The root cause is in OpenApiSecurityRequirement.SerializeInternal(), which filters entries with:

this.Where(static p => p.Key?.Target is not null)

When the document is constructed in memory (not parsed from a file), Target resolves via Reference.HostDocument.ResolveReferenceTo<U>(Reference, ...), which returns null because the security scheme was added to Components.SecuritySchemes as a plain OpenApiSecurityScheme, not as an IOpenApiSecurityScheme that the resolver can match.

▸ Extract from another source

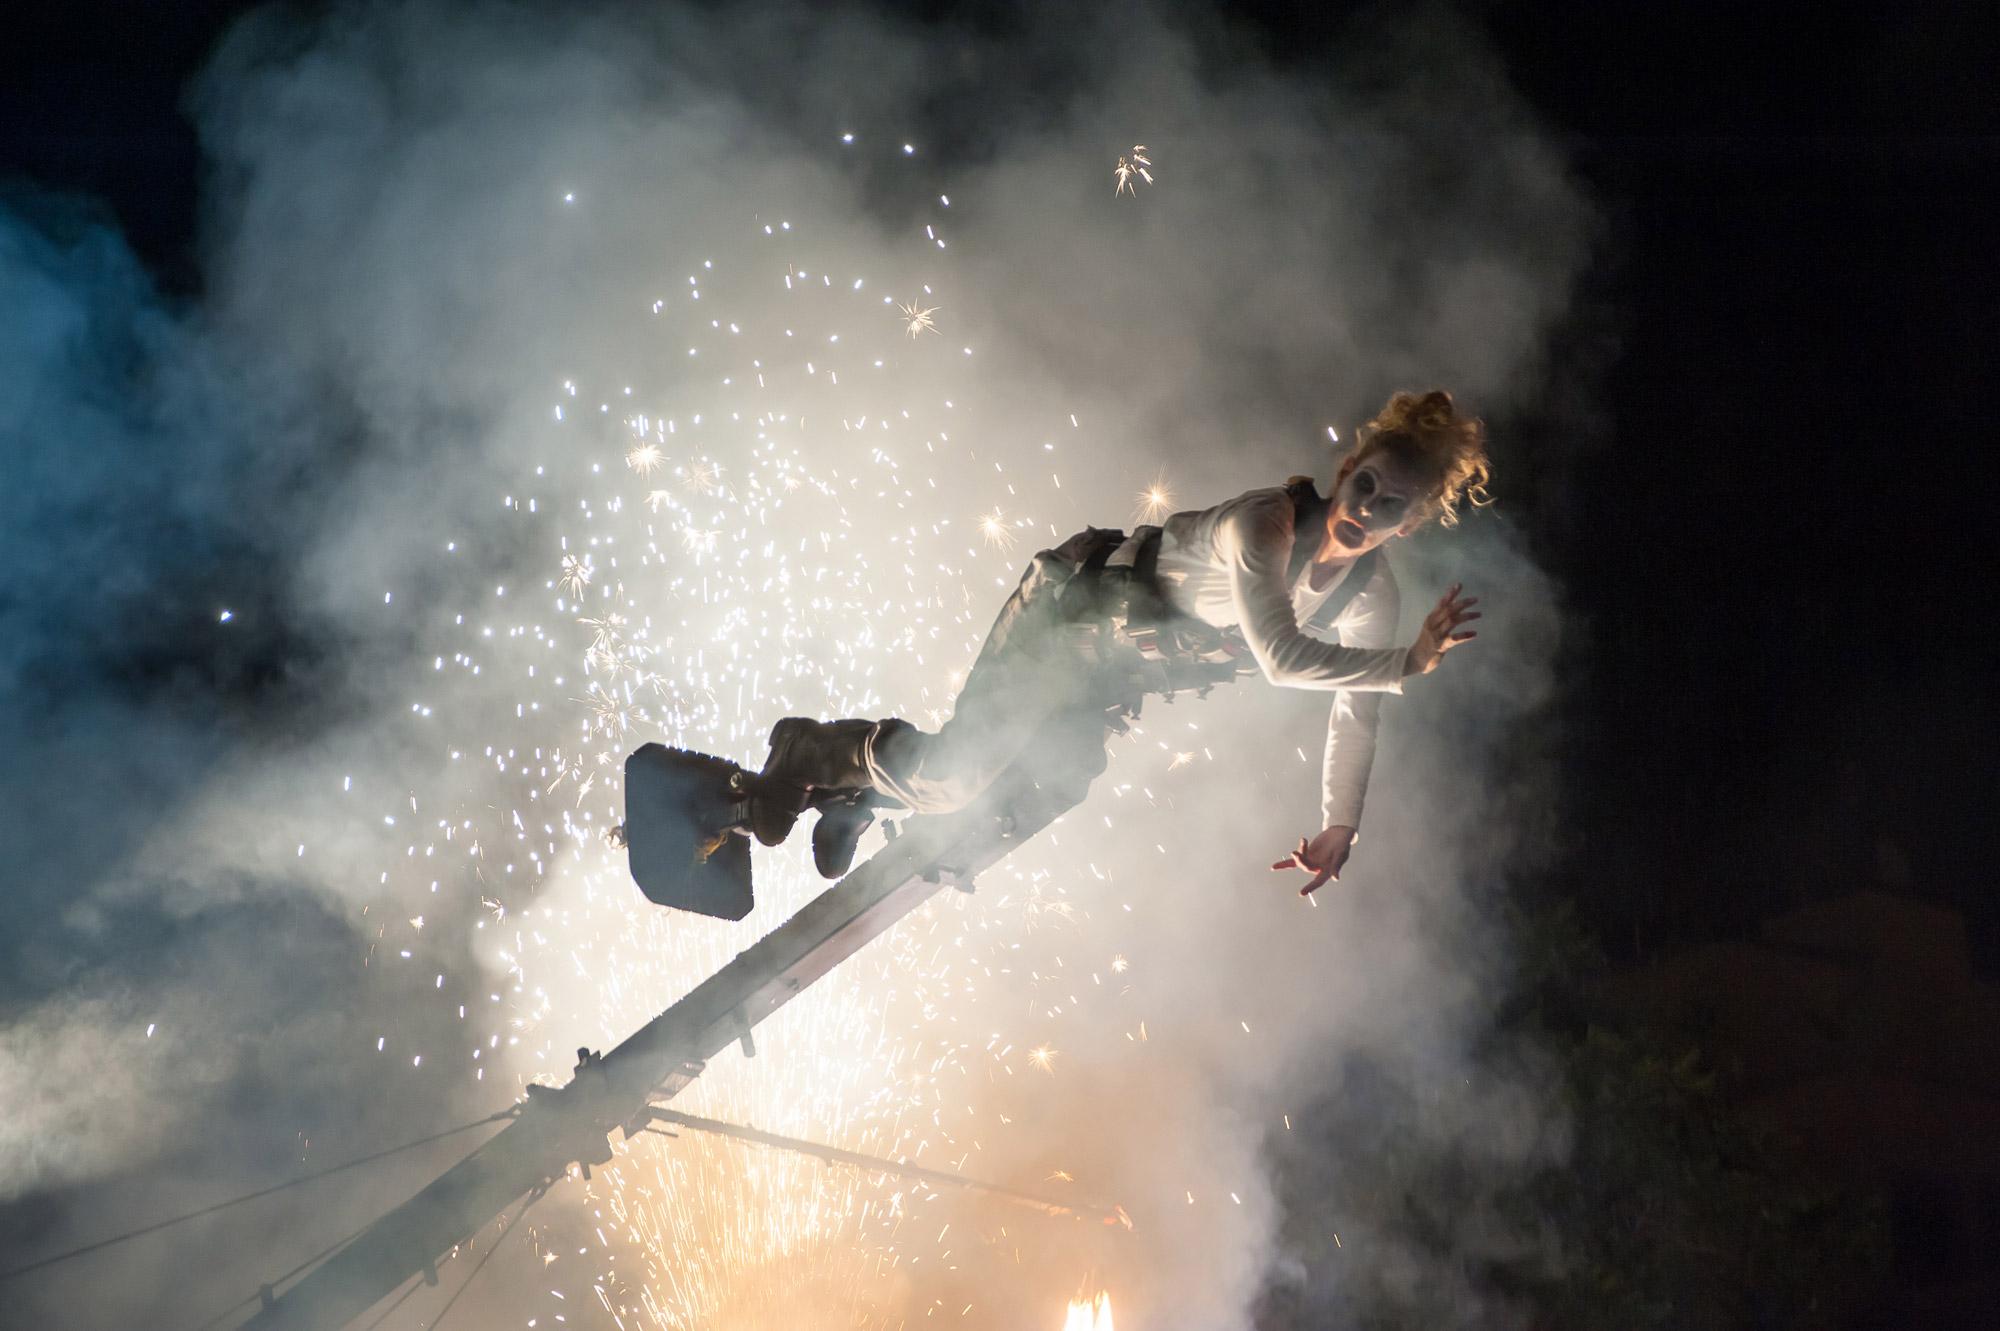 Las Palmas de Gran Canaria, Temudas Festival, PAN.OPTIKUM, TRANSITion, Platzinszenierung, Sigrun Fritsch, Pyrotechnik, Klaus Ulrich, Matthias Rettner

The filter silently drops the entry with no warning.

To Reproduce

using Microsoft.OpenApi;

var doc = new OpenApiDocument
{
    Info = new OpenApiInfo { Title = "Test", Version = "1.0" },
    Components = new OpenApiComponents
    {
        SecuritySchemes = new Dictionary<string, IOpenApiSecurityScheme>(StringComparer.Ordinal)
        {
            ["Bearer"] = new OpenApiSecurityScheme
            {
                Type = SecuritySchemeType.Http,
                Scheme = "Bearer",
                BearerFormat = "JWT",
            },
        },
    },
    Security =
    [
        new OpenApiSecurityRequirement
        {
            { new OpenApiSecuritySchemeReference("Bearer", doc), [] },
        },
    ],
};

var json = await doc.SerializeAsJsonAsync(OpenApiSpecVersion.OpenApi3_2);
Console.WriteLine(json);

Expected behavior

{
  "security": [
    {
      "Bearer": []
    }
  ]
}

Actual behavior

{
  "security": [
    {}
  ]
}

No exception or warning is produced — the entry is silently dropped.

Version

• Microsoft.OpenApi 2.0.0-preview17 (and later, including transitive via Microsoft.OpenApi.OData 3.2.0)
• Also affects 3.0 and 3.1 serialization — all three SerializeAsV3/V31/V32 methods share the same SerializeInternal code path.

Additional context

• This is a common scenario when using Microsoft.OpenApi.OData to generate an OpenAPI document from an EDM model and then adding security definitions programmatically.
• Related to If securityScheme is a reference it cannot be resolved (see issue #1166, this issue still persists in V1.6.3) #1229, but this repro path is purely in-memory construction with no external files.
• Workaround: subclass OpenApiSecurityRequirement and override SerializeAsV3/SerializeAsV31/SerializeAsV32 to write the security scheme name directly via IOpenApiWriter.

Suggested fix
The Where filter in SerializeInternal should fall back to Reference.ReferenceV3 (or Reference.Id) when Target is null, rather than silently skipping the entry. The callback already uses s.Reference.ReferenceV3 for the property name — the guard just needs to allow entries where the reference ID is available even if Target couldn't be resolved.

[baywet]

Hi @jonaslewin
Thank you for using the SDK and for reaching out.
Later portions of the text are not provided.